GIVEN RECORDS ::
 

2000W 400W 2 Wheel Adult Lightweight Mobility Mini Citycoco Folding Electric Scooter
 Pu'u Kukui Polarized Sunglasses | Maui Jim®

...

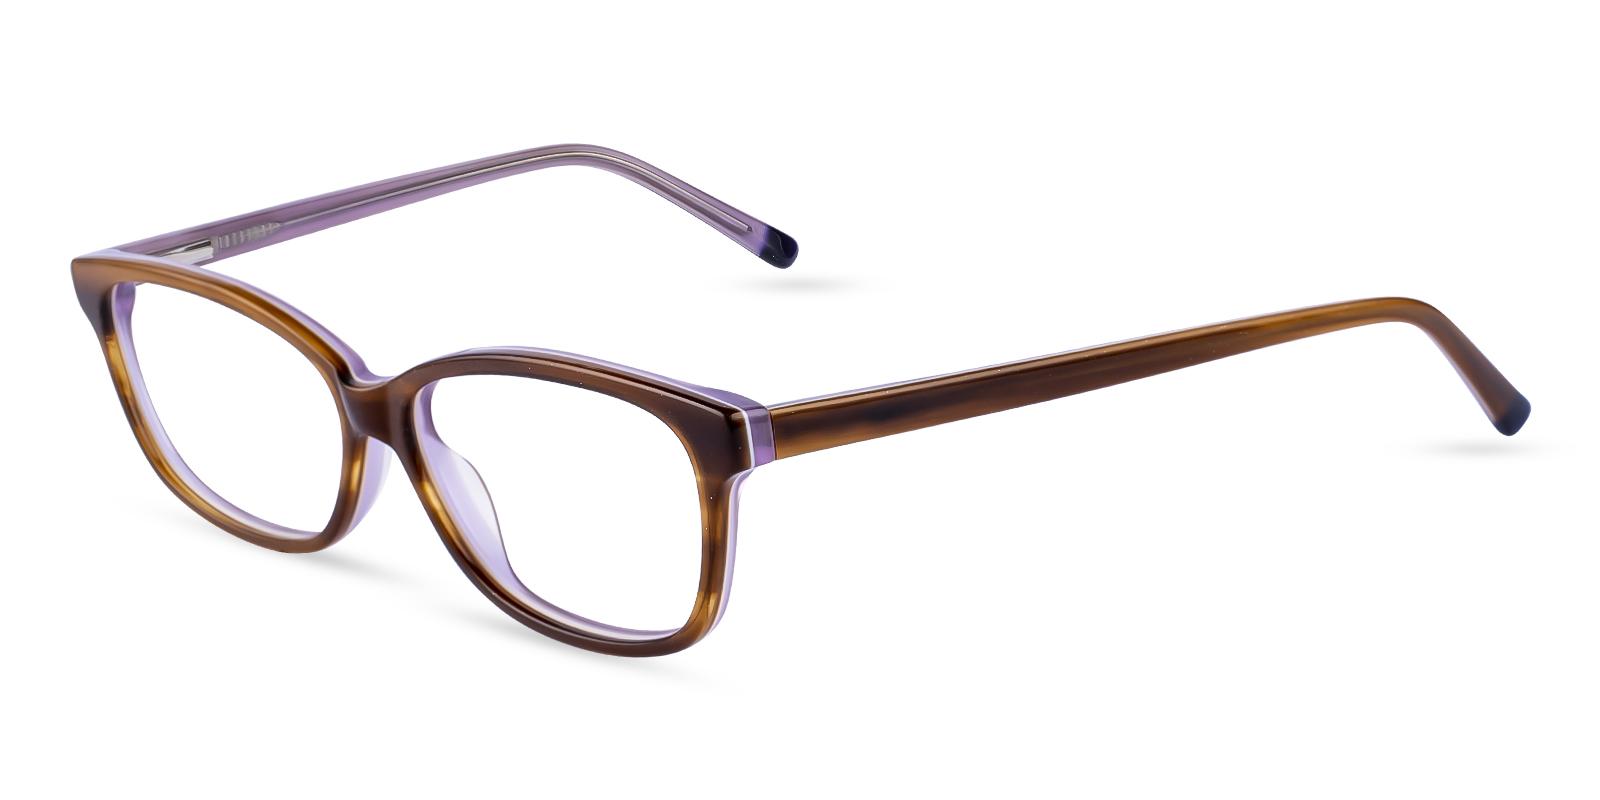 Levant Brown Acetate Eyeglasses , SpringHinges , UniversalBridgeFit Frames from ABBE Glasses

--

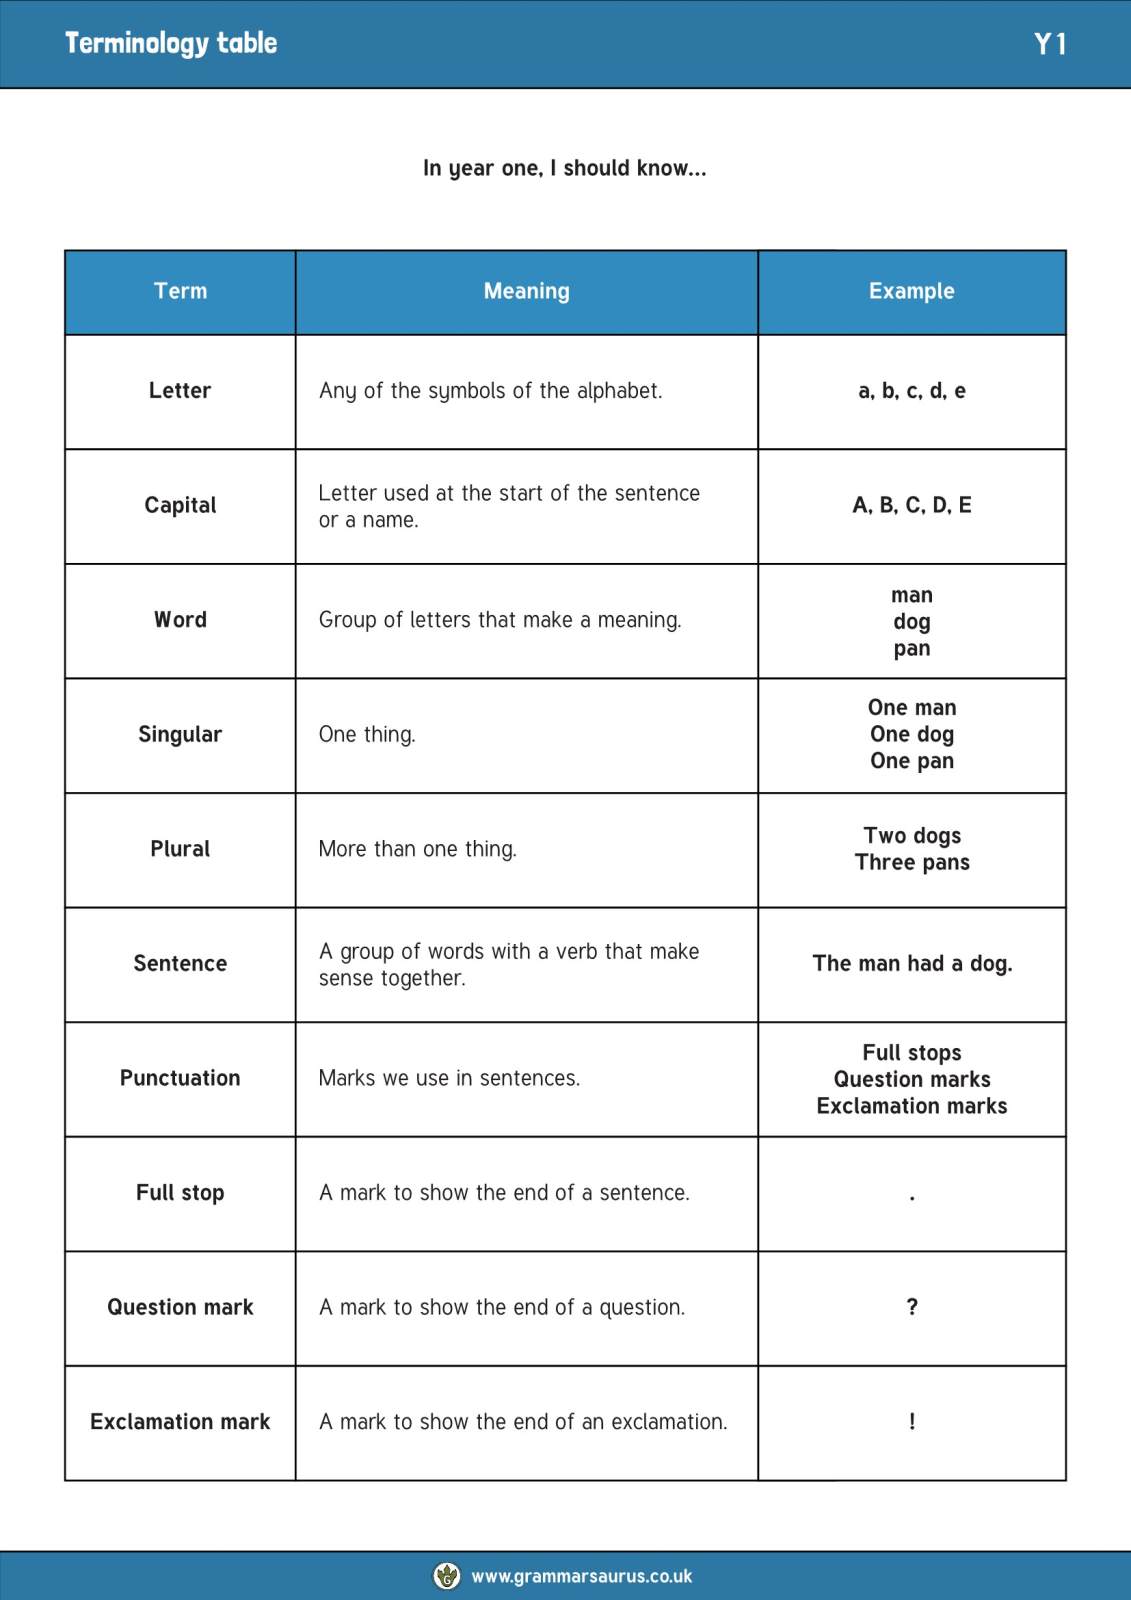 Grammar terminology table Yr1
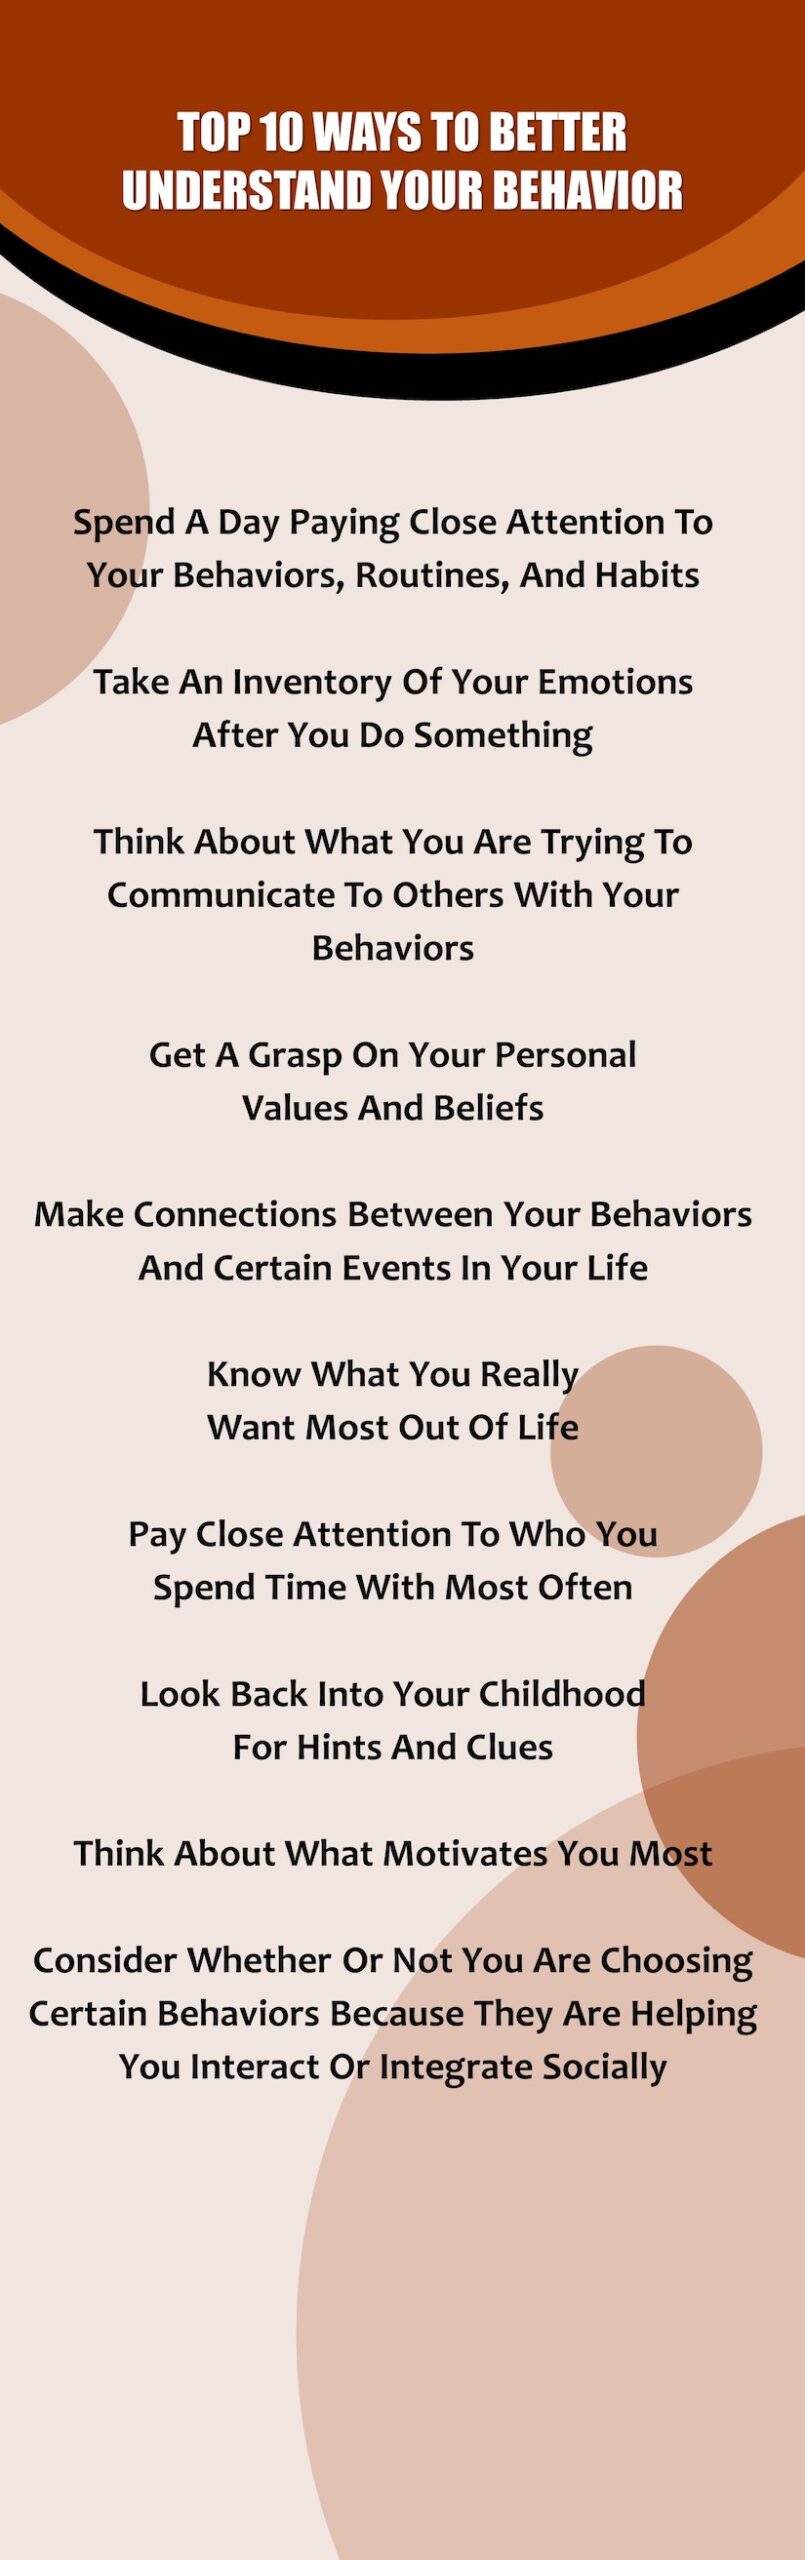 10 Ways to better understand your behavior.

WHAT YOU HAVE TO DO :: In the listing above, find the line with "2000W 400W 2" and the line with "Pu'u Kukui Polarized Sunglasses | Maui Jim®", then print exactly those two lines and every line between them, and nothing more.

TASK OUTPUT ::
2000W 400W 2 Wheel Adult Lightweight Mobility Mini Citycoco Folding Electric Scooter
 Pu'u Kukui Polarized Sunglasses | Maui Jim®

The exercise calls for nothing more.